Tomás había sido cercano a los ah kin, los sacerdotes de su pueblo, y estaba convencido de que sus conocimientos permitían a sus clientes una suerte de vida eterna, pero siempre, pensaba, en los confines de una vasija o, en todo caso, en uno de los frascos de vidrio que vio por primera vez cuando un puñado de conquistadores españoles se apersonó en su aldea a orillas del Usumacinta. La trascendencia final era algo que escapaba a su entendimiento, a lo que podía aludir mediante frases sagradas (el yo encarnado que debía aparecer en el nudo del baktún más tres katunes, que era el término de 463 años), pero no se lo había imaginado como una resurrección literal. Y allí, frente a sus ojos, una muerta recuperaba la vida, mientras El Negre, con toda la naturalidad del mundo, lo alborotaba: ¡Siete más esclavos liberar!

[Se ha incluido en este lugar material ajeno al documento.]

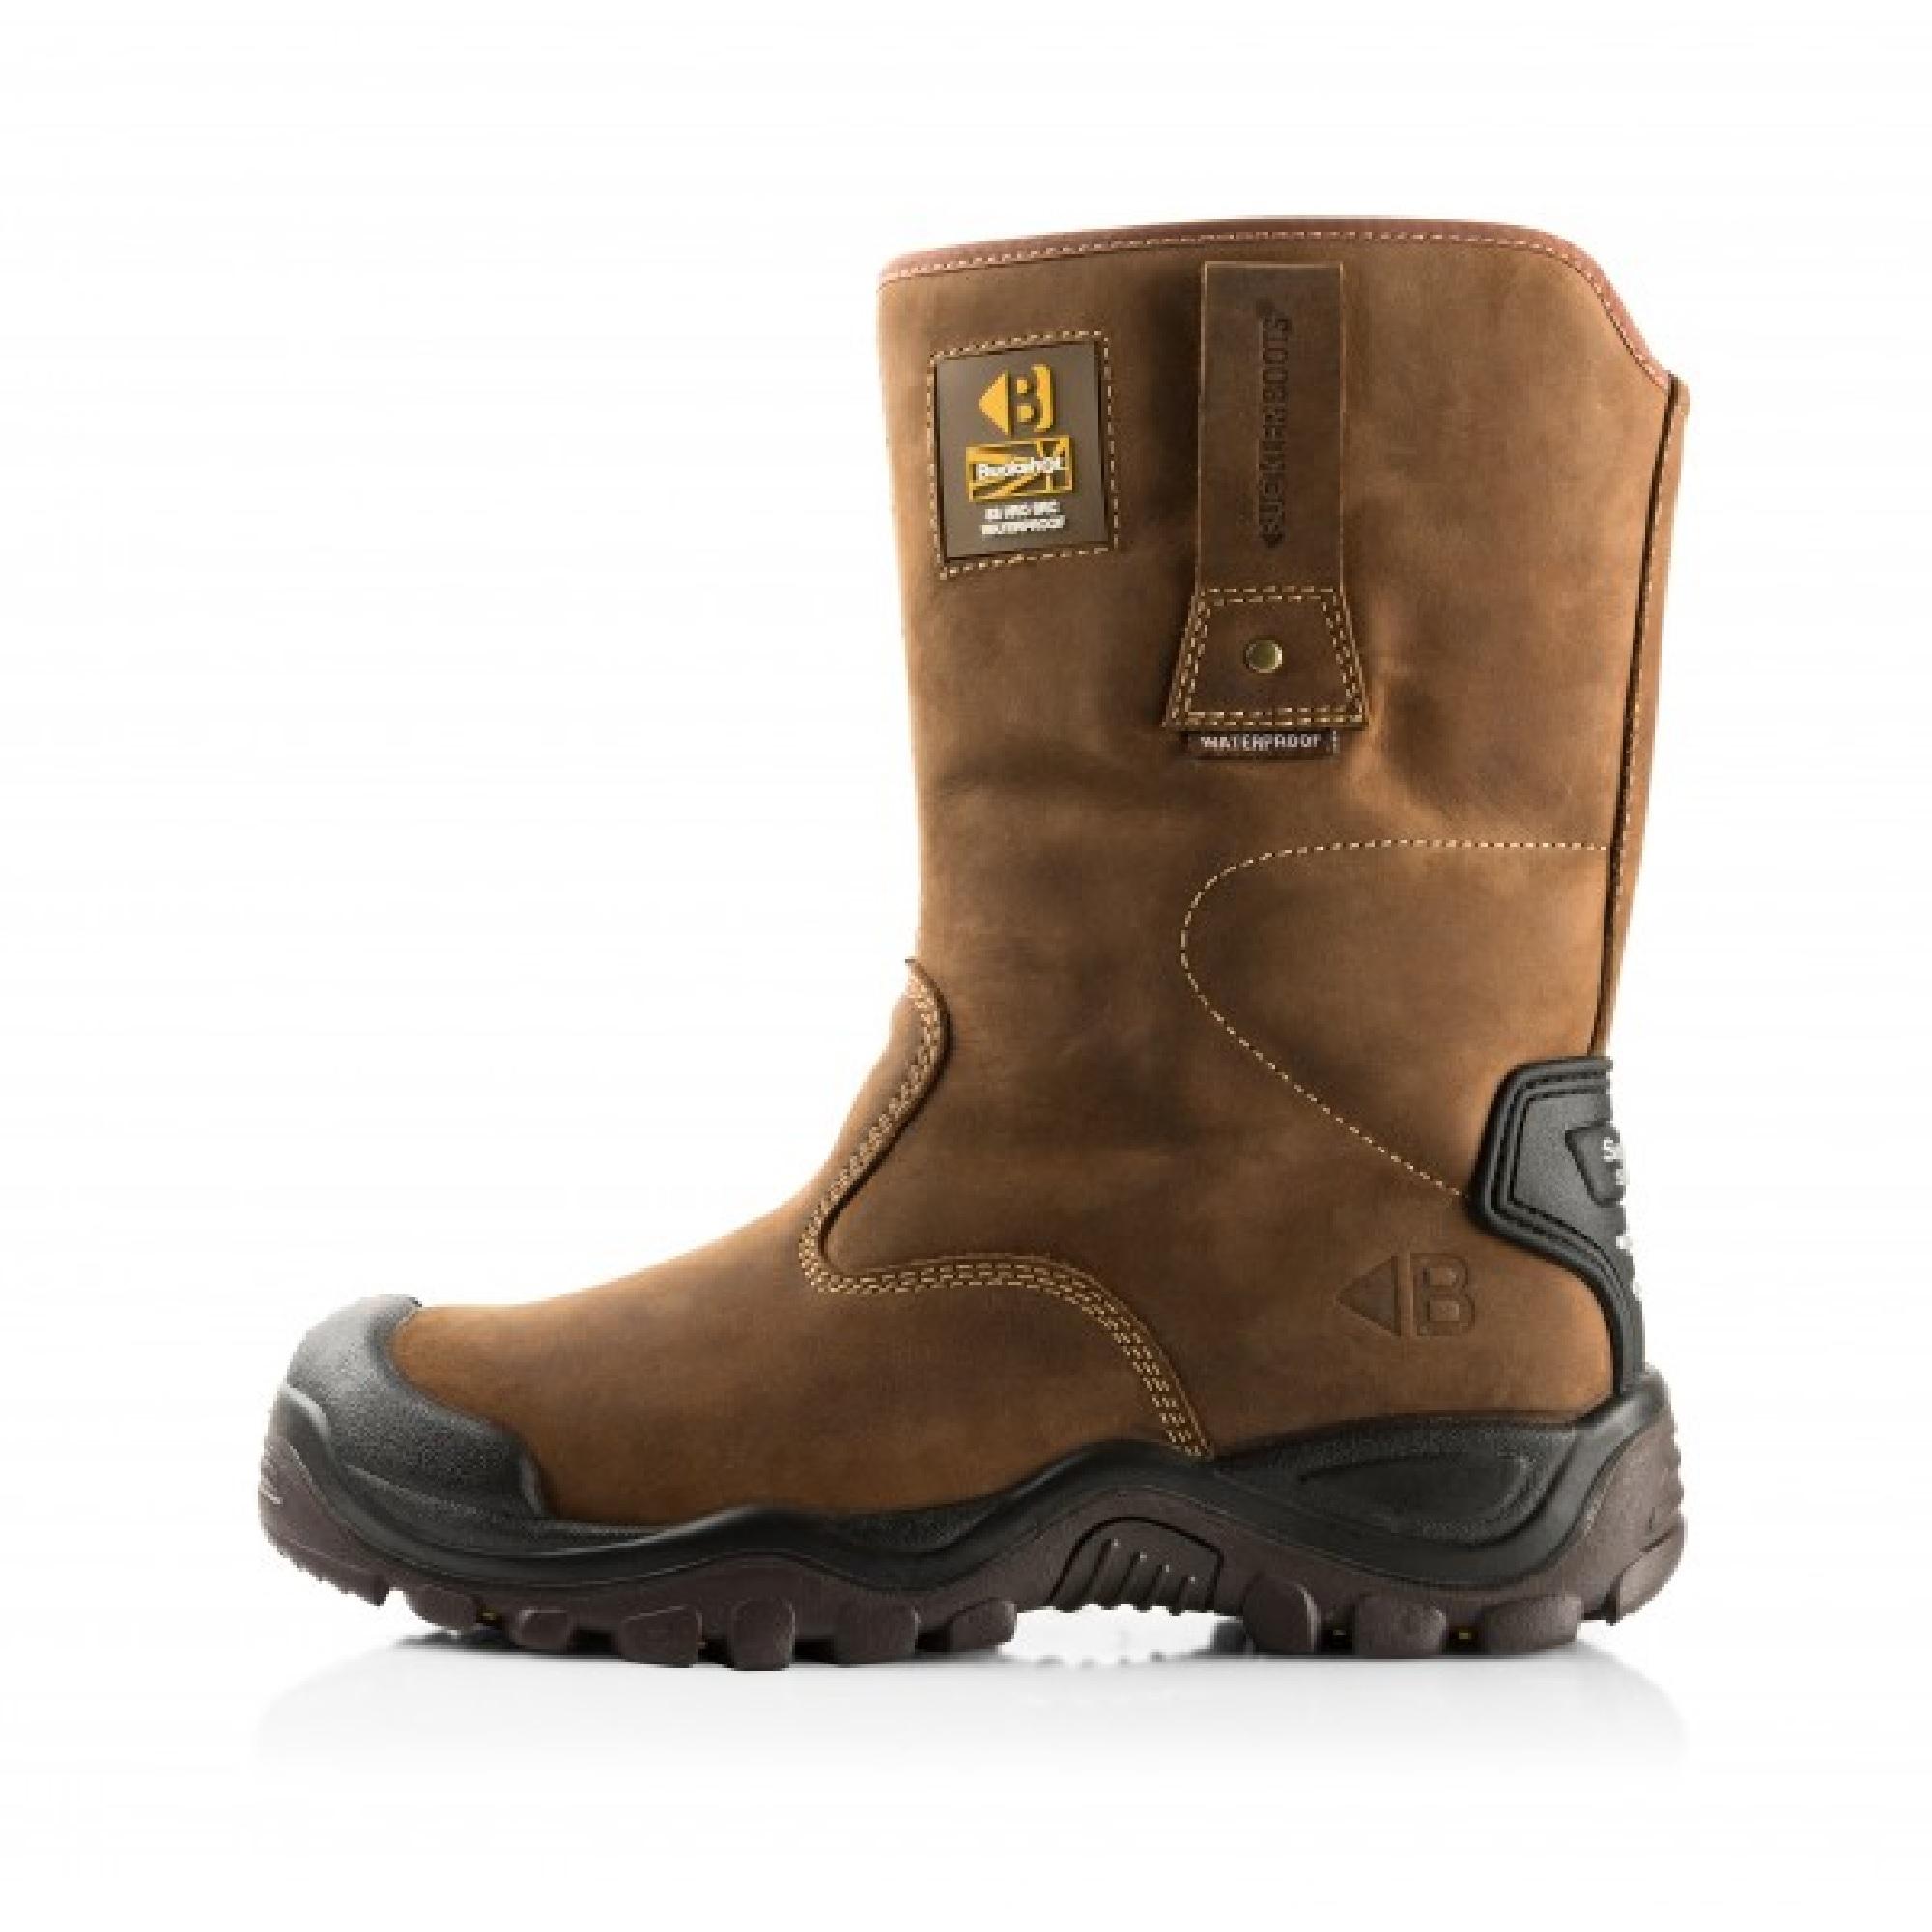 602441efbf6 Buckler BSH010BR Safety Rigger Boot | DQ Services Ltd
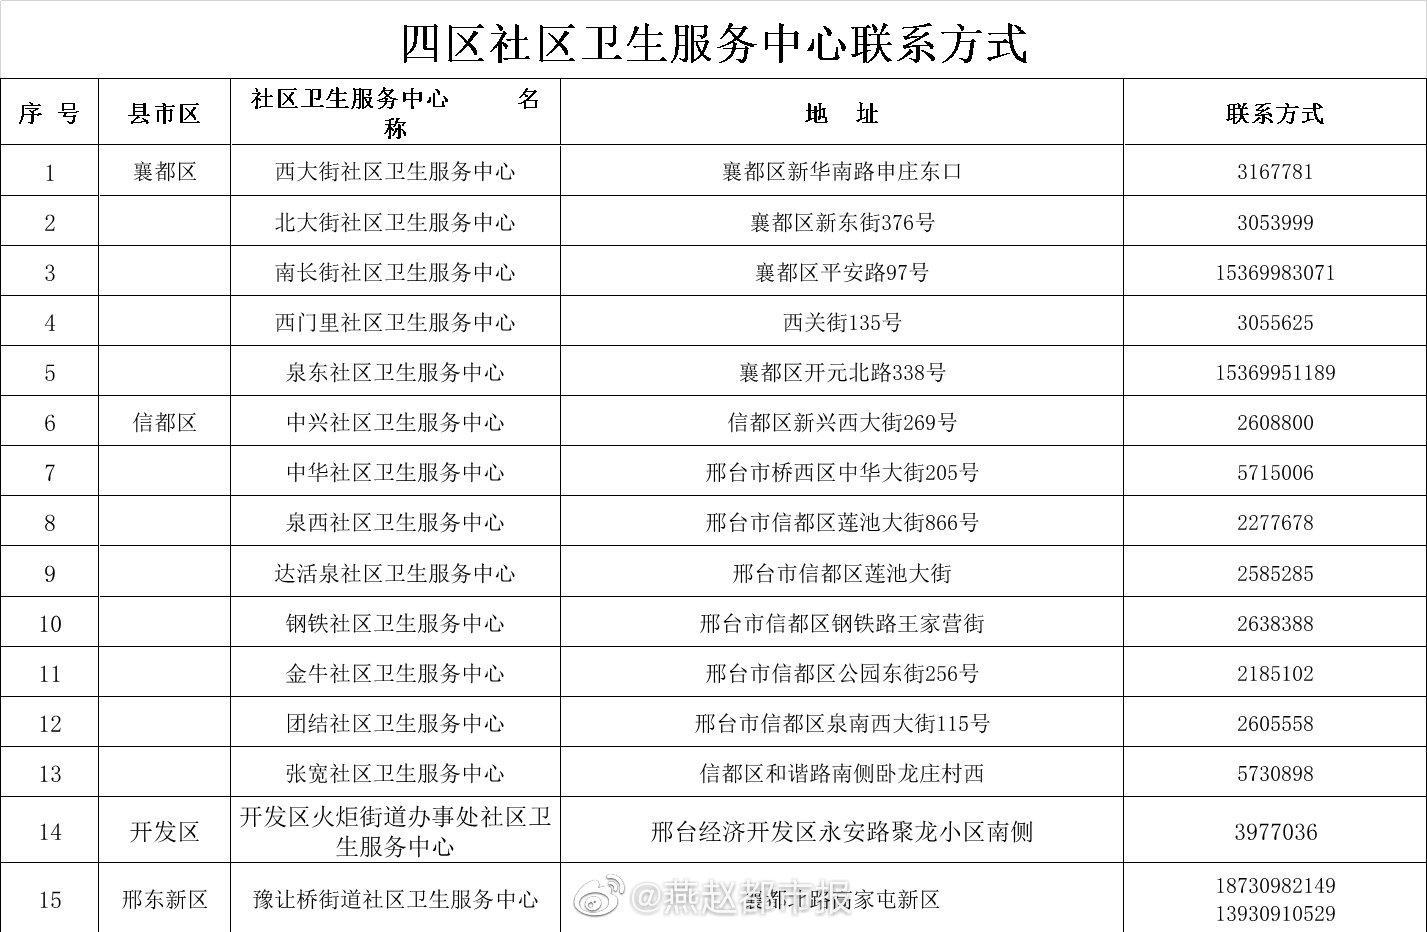 河北邢台社区卫生服务中心联系方式发布图片

Con la temblorina aún en el cuerpo, Tomás no tuvo más remedio que obedecer las confusas consignas del africano, aunque cuidándose de que la muerta, o la viva, o lo que fuera, no se le acercara demasiado. Ésta, por su parte, no parecía mostrar interés en él; merodeaba por el cementerio mientras olía las flores, tocaba las cortezas de los árboles y miraba hacia todas partes con una sonrisa y aire de satisfacción. El maya siguió a su anfitrión hasta otra tumba, en la cual El Negre repitió los pasos: localizó una cuerda en los bordes del túmulo de tierra, tiró de ella, le pasó un cabo a Tomás para unir las fuerzas de ambos, se levantó una tapa de madera y del sepulcro emergió un negro joven que no requirió siquiera de ayuda para salir. Cuando terminaron esa tarea, el hechicero africano se dirigió a los resucitados en tono imperioso:

–¡Seis más esclavos liberar!

Los dos recién exhumados se le unieron en la tarea, y al cabo de un rato sumaban ocho que paseaban por el cementerio, evitando en su deambular otras tantas fosas abiertas y vacías. Eran una mujer y dos hombres caribes, tres negros, todos varones, una pareja de moros, hombre y mujer, y uno que no podía ser sino español. Oteaban hacia todas partes, sonreían, olfateaban, se palpaban y tocaban todos los objetos a su alcance. De pronto, de unos matorrales que marcaban la frontera del camposanto, emergió, sonriente y como si nada, el sobrino de El Negre, el mozo de cocheras que un día antes había llevado a Tomás en una carreta hasta la Ermita de San Antón. El muchacho llevaba en bandolera un tambor ashiko casi más grande que él. Se sentó en un tronco caído, se colocó el instrumento entre las piernas y se puso a tocarlo. De inmediato, los resucitados detuvieron en seco sus extraños paseos, contemplaron al recién llegado con una mirada dulce y se pusieron a bailar a la luz de la luna.